Abstract:
The present invention is a method for using thiazin dyes, especially methylene blue, in combination with light to hydroxylate guanosine or deoxyguanosine at the C8 of the purine ring. The number of guanosines in a nucleic acid strand converted to 8-OH-deoxyguanosine (8-OH-dG) or 8-OH-guanosine (8-OH-G) can be controlled through manipulation of the concentration of methylene blue, light intensity and length of exposure, pH, and buffer strength. 

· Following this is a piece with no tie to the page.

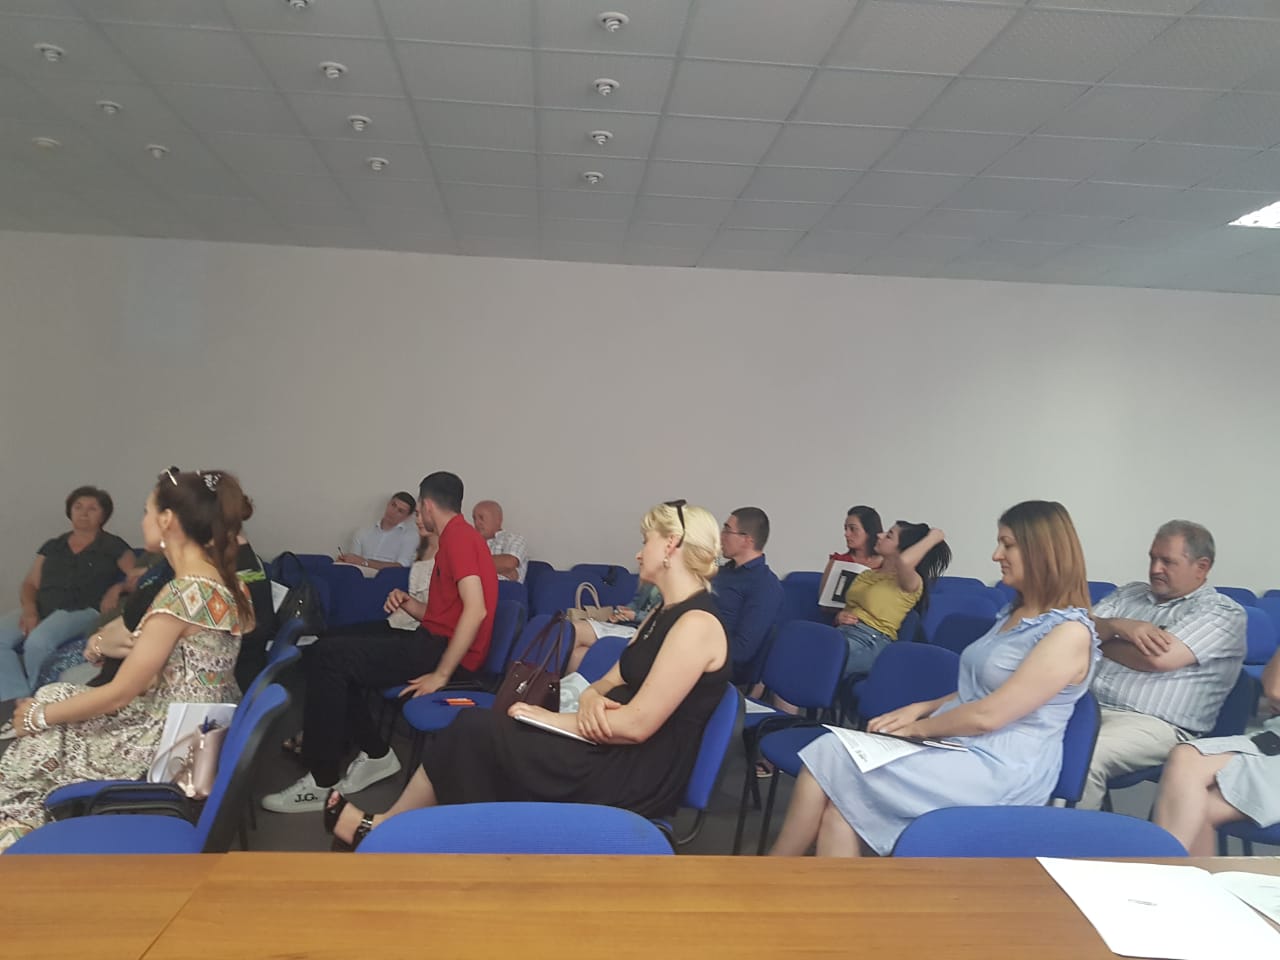 28 июня 2019 года Центром поддержки экспорта Республики Северная Осетия-Алания организован и проведен семинар «Эффективная деловая коммуникация для экспортеров»  образовательной программы Российского экспортного центра.

     The method can be used for the selective mutation or modification of either a DNA or a RNA sequence, or the protein expressed therefrom. The method can also be used in the treatment of viral infectons and in cancer. Methylene blue is FDA approved for topical, i.v., and oral administration. Viruses, bacteria, and cells undergoing rapid DNA synthesis are all inactivated by methylene blue in the presence of light or when irradiated.

Description:
BACKGROUND OF THE INVENTION 
     The United States government has rights in this invention by virtue of National Institutes of Health grant No. CA42854. 

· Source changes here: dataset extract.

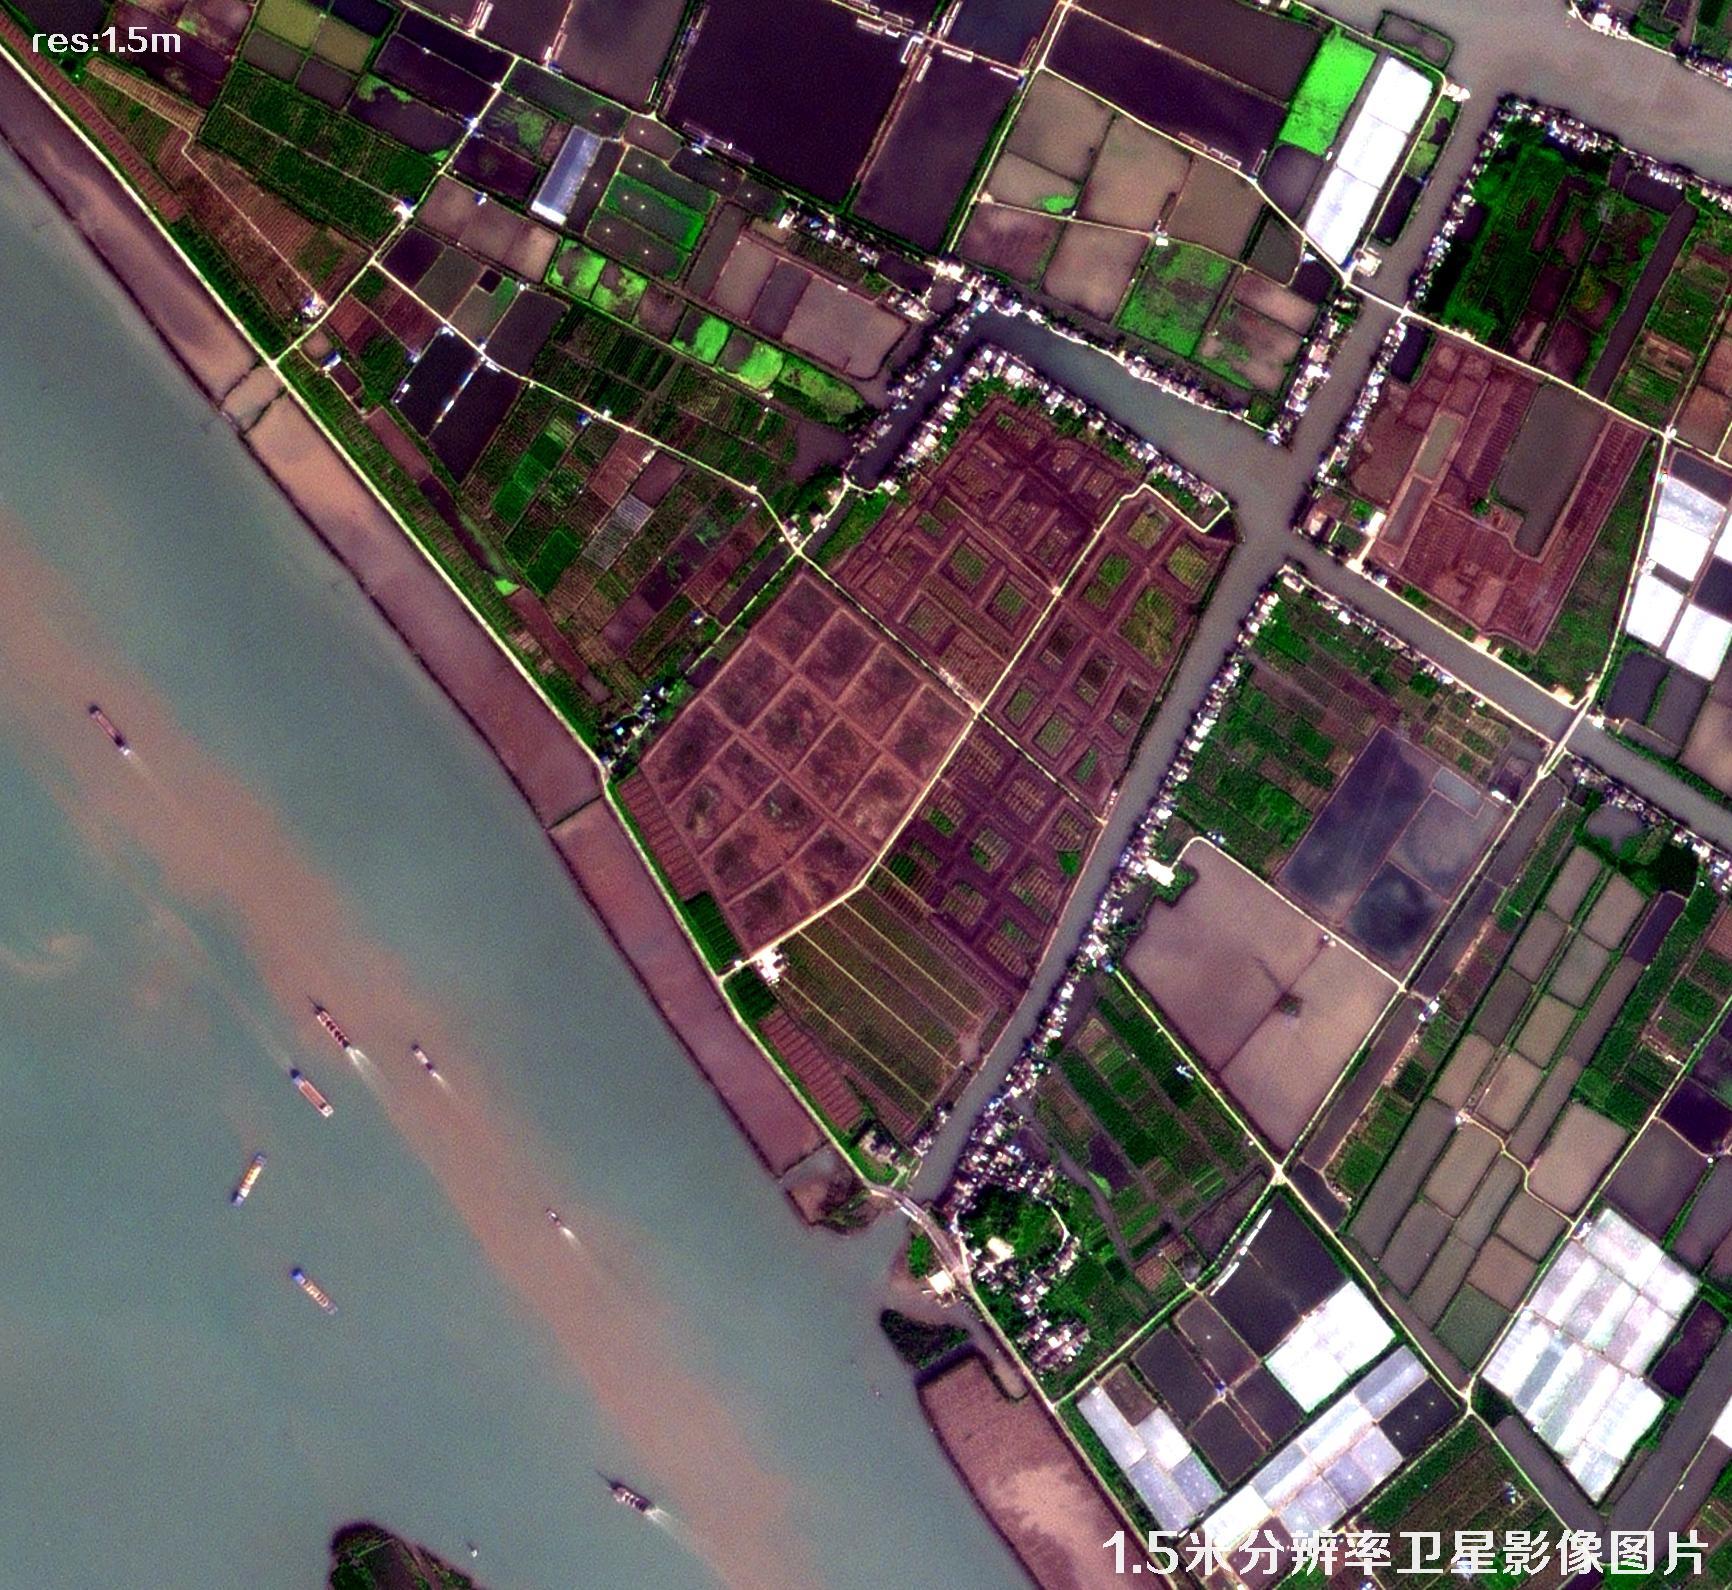 1.5米分辨率卫星拍摄的广东省中山市卫星图

     This invention is generally in the area of methods for modifying nucleic acids, and more specifically relates to conversion of guanine to 8-hydroxyguanine using methylene blue. 
     Hydroxylation of guanine in DNA to produce 8-hydroxydeoxyguanosine (8-OH-dG) may be an important factor in mutation and carcinogenesis, as reportd and described by Kasai and Nishimura, Nucleic Acids Res. 12, 2137-2145 (1984); Gann. 75, 565-566and 841-844 (1984); Environ. Health Perspect. 67, 111-116 (1986); Kasai, et al., Gann. 75, 1037-1039 (1984); Carcinogenesis 7, 1849-1851 (1986); Aida and Nishimura, Mutation Res. 192, 83-89 (1987). Kuchino, et al., Nature (London) 327,77-79 (1987) used synthetic oligonucleotides containing 8-hydroxydeoxyguanosine in a specific position as a template for DNA synthesis to show misreading at both the modified base and at adjacent pyrimidine bases. They observed that specific base-pairing was completely lacking at the 8-hydroxyguanosine and that incorrect bases were inserted at the adjacent pyrimidine bases. Kasai, et al., reported in Carcinogenesis 8(12), 1959-1961 (1987) that administration of a renal carcinogen, potassium bromate, to the rat was followed by a significant increase of 8-hydroxydeoxyguanosine in the kidney DNA, and not in non-target organ DNA. 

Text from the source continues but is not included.